Atossa has developed a proprietary oral formulation of (Z)-endoxifen that does not require liver metabolism to achieve therapeutic concentrations and is encapsulated to bypass the stomach as acidic conditions converts a greater proportion of (Z)-endoxifen to the inactive (E)-endoxifen. Atossa’s (Z)-endoxifen has been shown to be well tolerated in Phase 1 studies and in a small Phase 2 study of women with breast cancer. We are currently studying our (Z)-endoxifen in healthy women with measurable breast density and premenopausal women with ER+/HER2- breast cancer.

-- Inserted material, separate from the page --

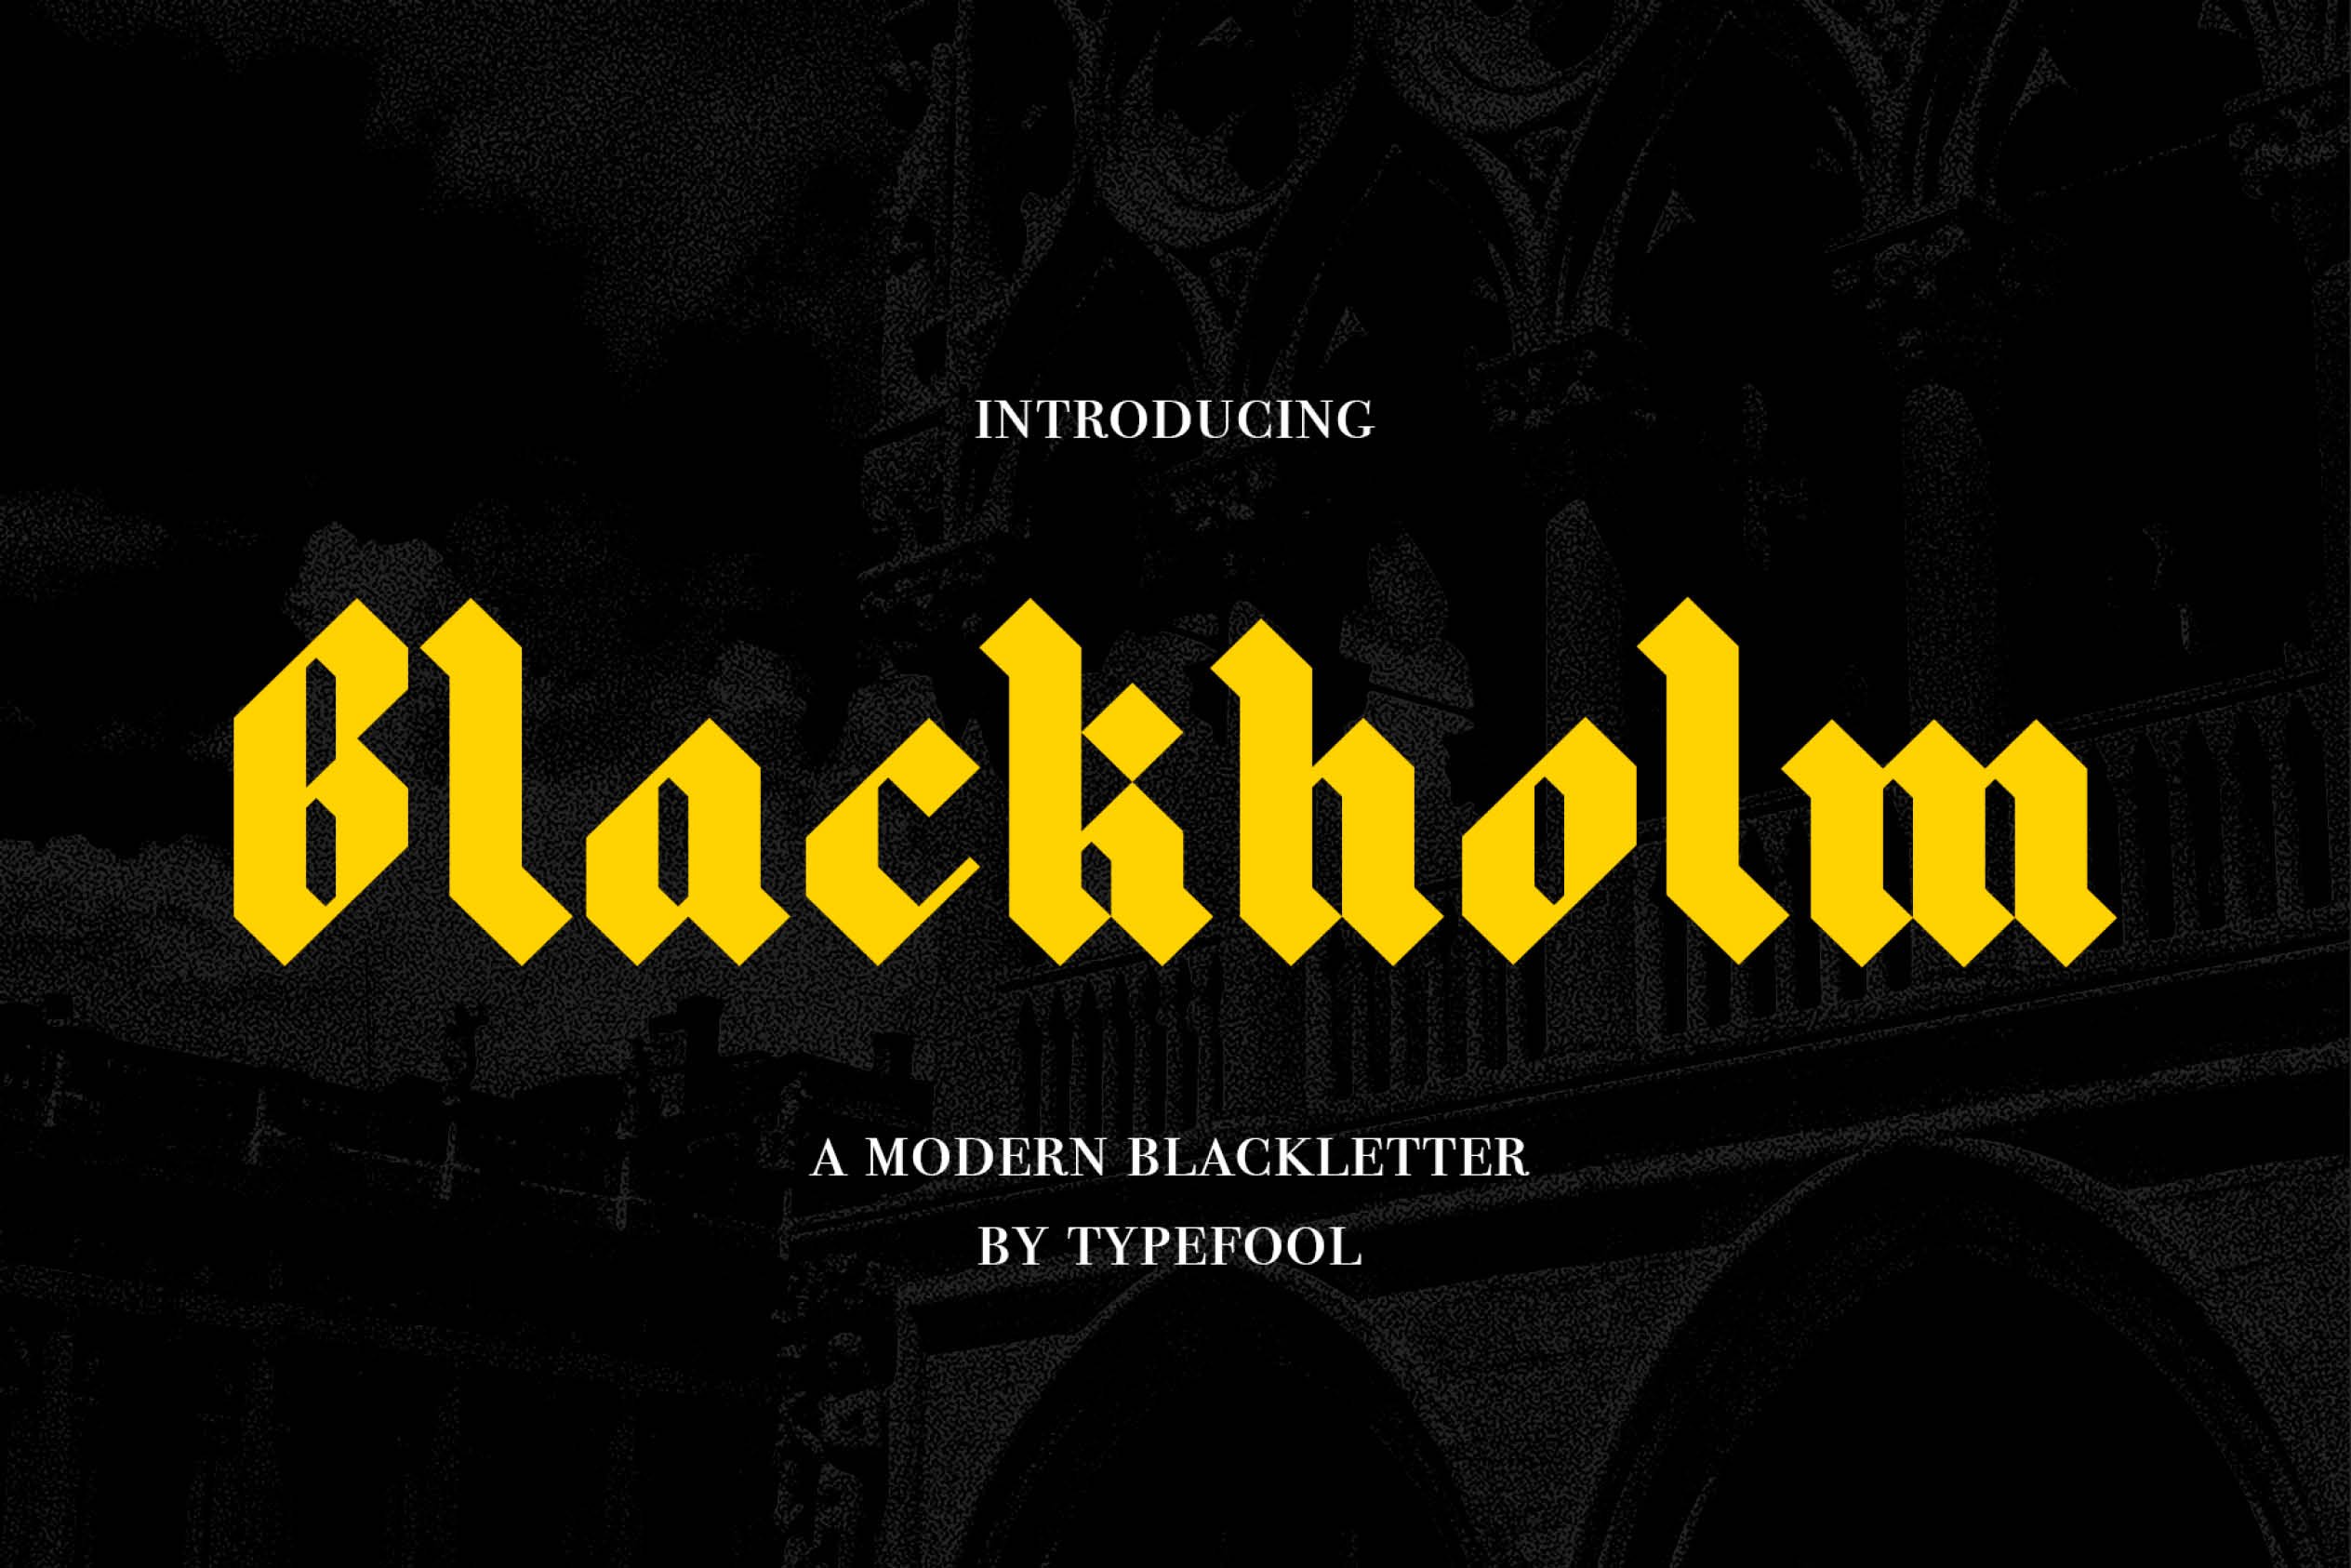 Blackholm - Blackletter font cover image.

Atossa’s (Z)-endoxifen is protected by two issued U.S. patents and numerous pending patent applications.
ABOUT ATOSSA THERAPEUTICS
Atossa Therapeutics, Inc. is a clinical-stage biopharmaceutical company developing innovative medicines in areas of significant unmet medical need in oncology with a current focus on breast cancer and lung injury caused by cancer treatments. For more information, please visit www.atossatherapeutics.com
CONTACTS:
Kyle Guse
General Counsel and Chief Financial Officer
kyle.guse@atossainc.com
Eric Van Zanten
VP, Investor and Public Relations
610-529-6219
eric.vanzanten@atossainc.com
FORWARD LOOKING STATEMENTS
Forward-looking statements in this press release, which Atossa undertakes no obligation to update, are subject to risks and uncertainties that may cause actual results to differ materially from the anticipated or estimated future results, including the risks and uncertainties associated with any variation between interim and final clinical results, actions and inactions by the FDA, the outcome or timing of regulatory approvals needed by Atossa including those needed to commence studies of (Z)-endoxifen, lower than anticipated rate of patient enrollment, estimated market size of drugs under development, the safety and efficacy of Atossa’s products, performance of clinical research organizations and investigators, obstacles resulting from proprietary rights held by others such as patent rights, whether reduction in breast density or in Ki-67 or any other result from a neoadjuvant study is an approvable endpoint for (Z)-endoxifen, whether Atossa can complete acquisitions, and other risks detailed from time to time in Atossa’s filings with the Securities and Exchange Commission, including without limitation its periodic reports on Form 10-K and 10-Q, each as amended and supplemented from time to time.